• _WHAT YOU HAVE TO DO_: Leave out the pictures, and copy exactly the lines from the line with "Мужская одежда для" through the last line of the data below.

• _STORED DATA_:
____
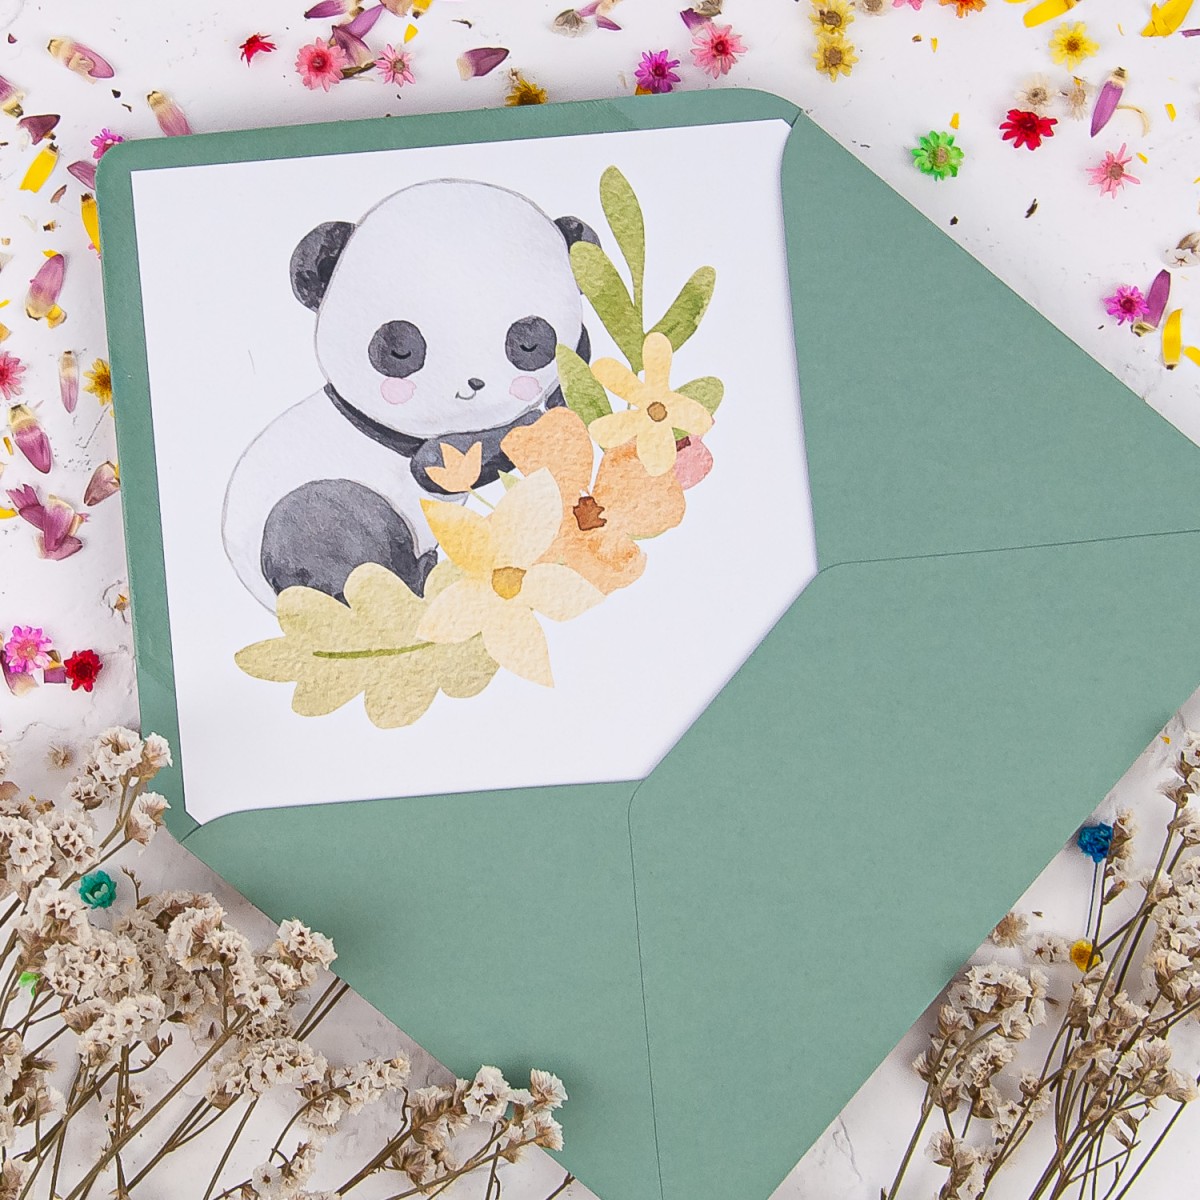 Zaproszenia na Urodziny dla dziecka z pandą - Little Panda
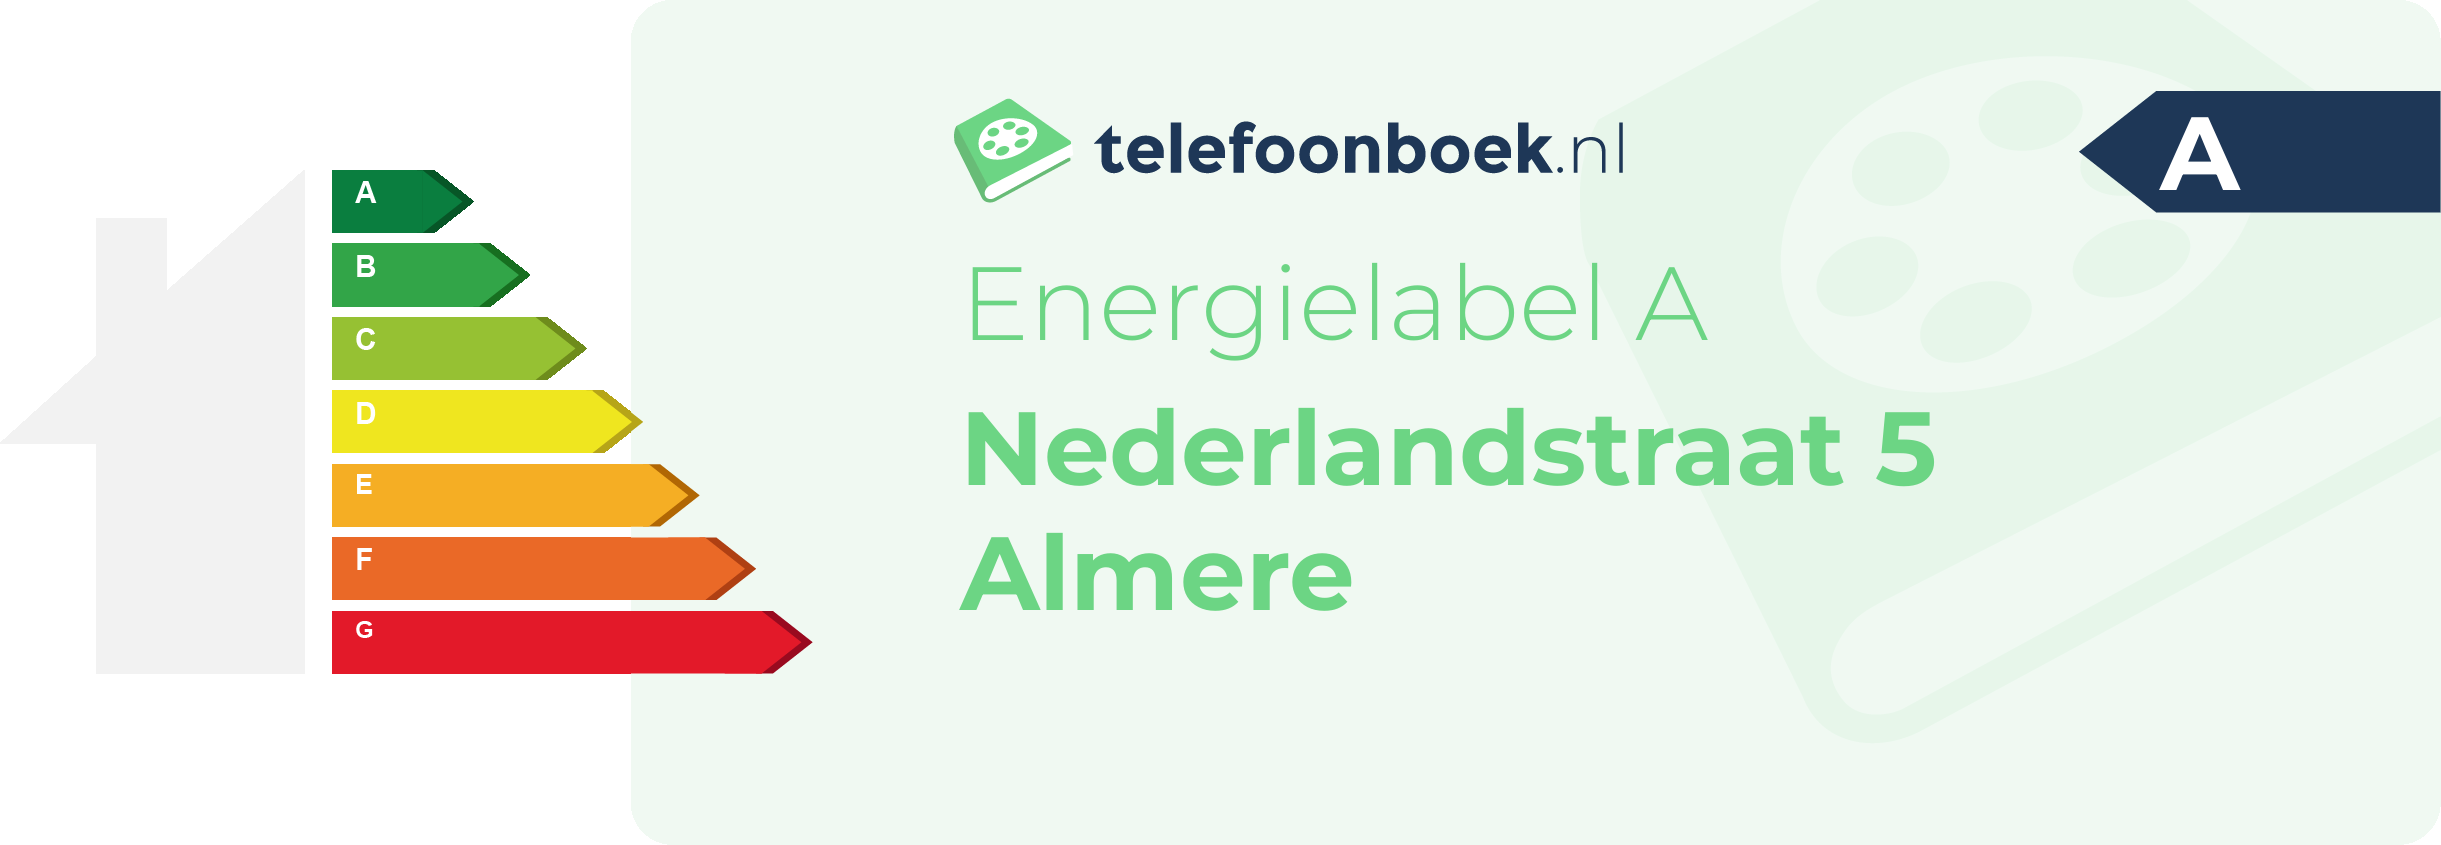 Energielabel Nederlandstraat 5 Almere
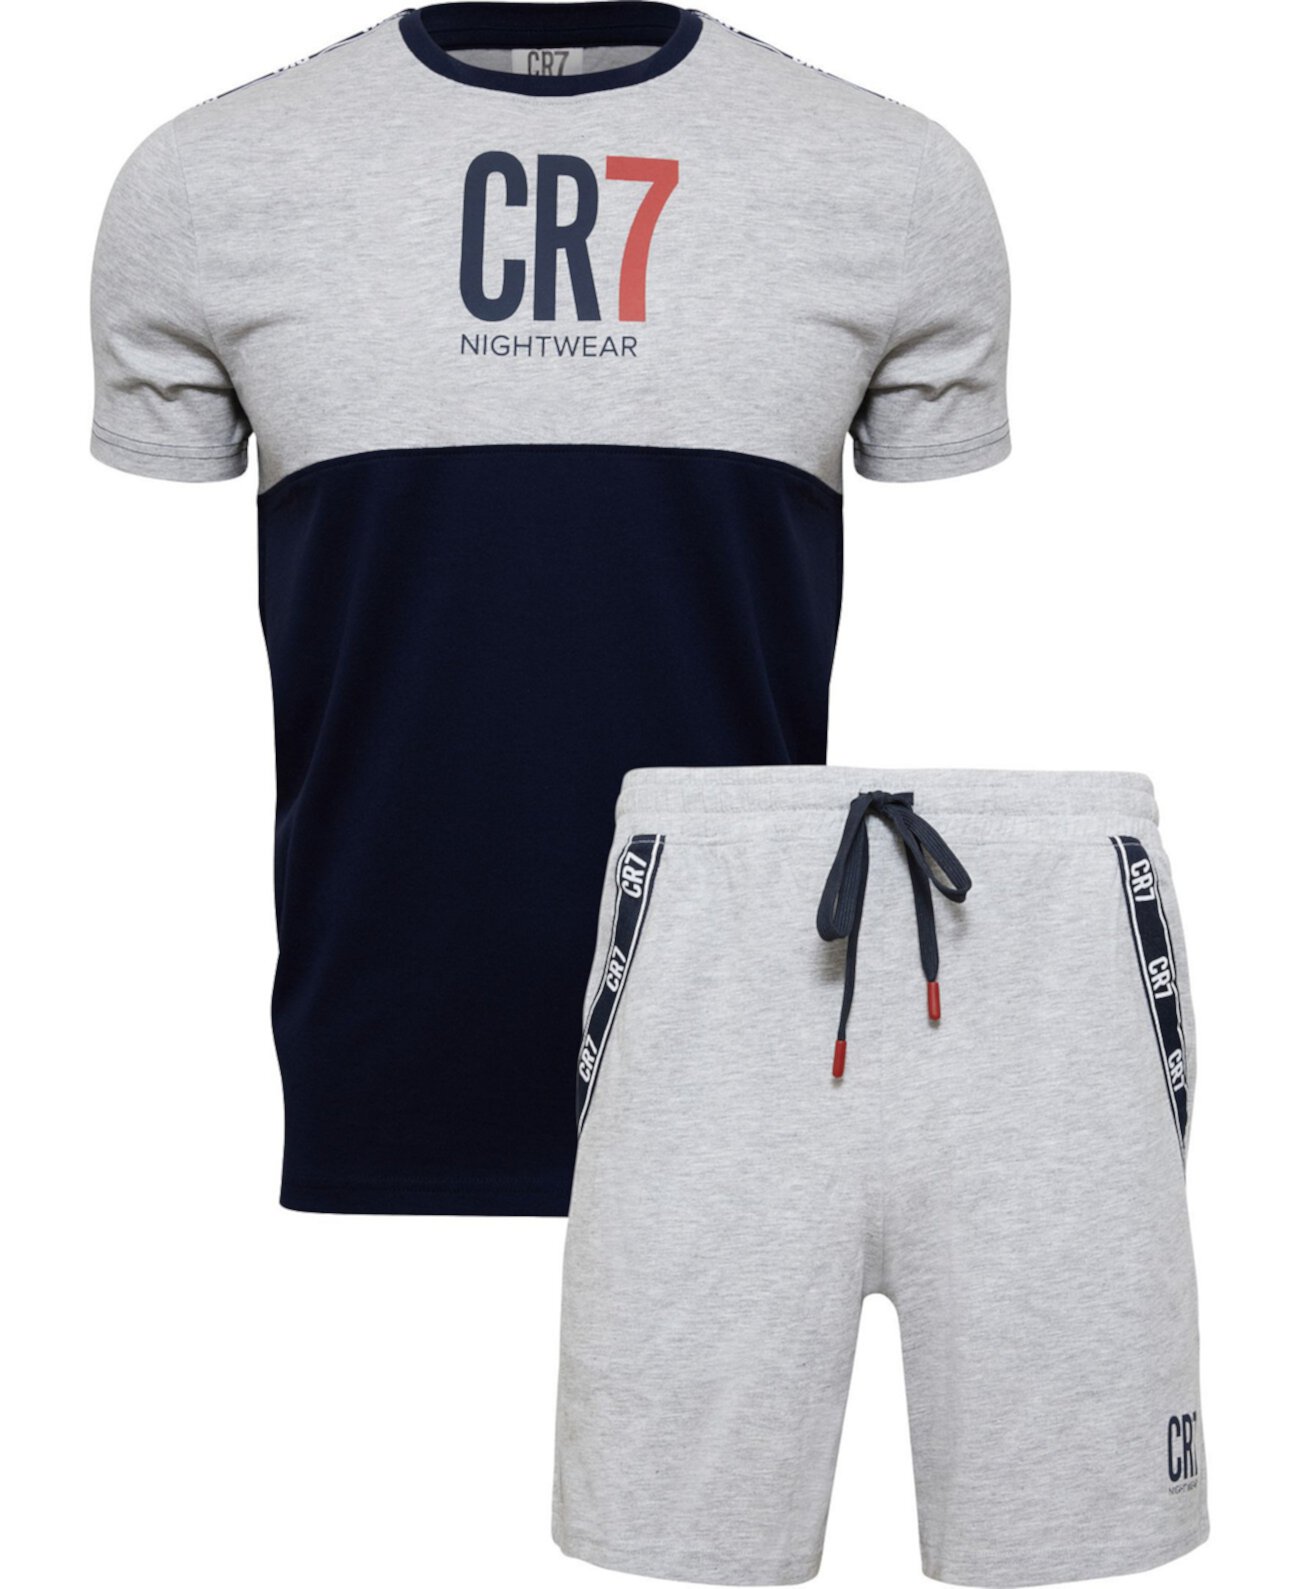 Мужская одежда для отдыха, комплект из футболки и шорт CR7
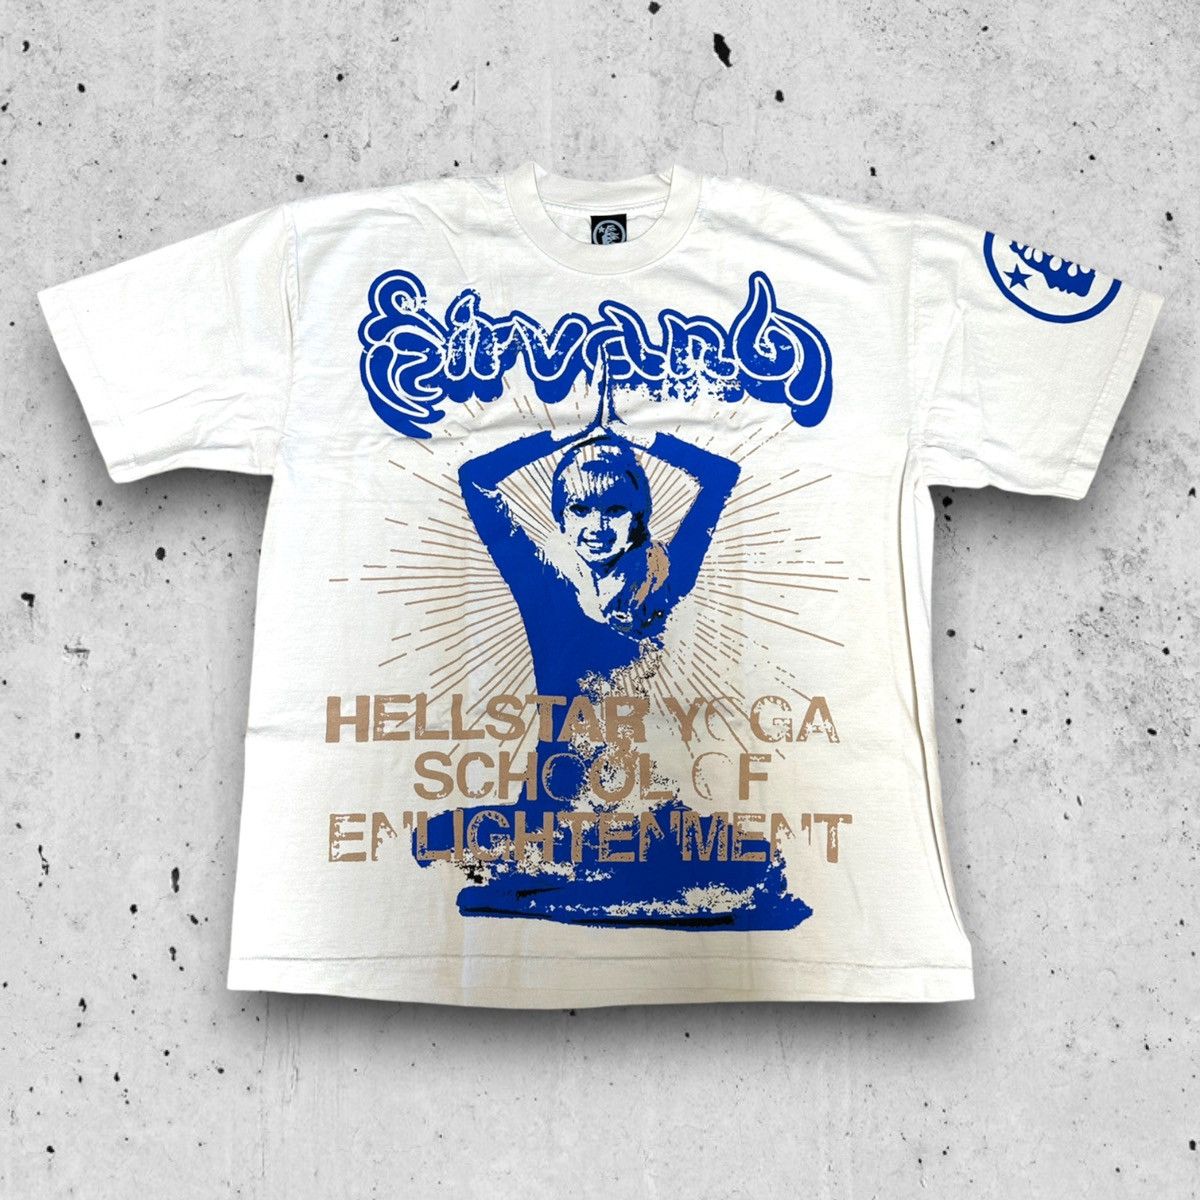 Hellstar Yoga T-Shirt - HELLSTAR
____
• _SOLUTION FOR THIS TASK_:
 Мужская одежда для отдыха, комплект из футболки и шорт CR7
 Hellstar Yoga T-Shirt - HELLSTAR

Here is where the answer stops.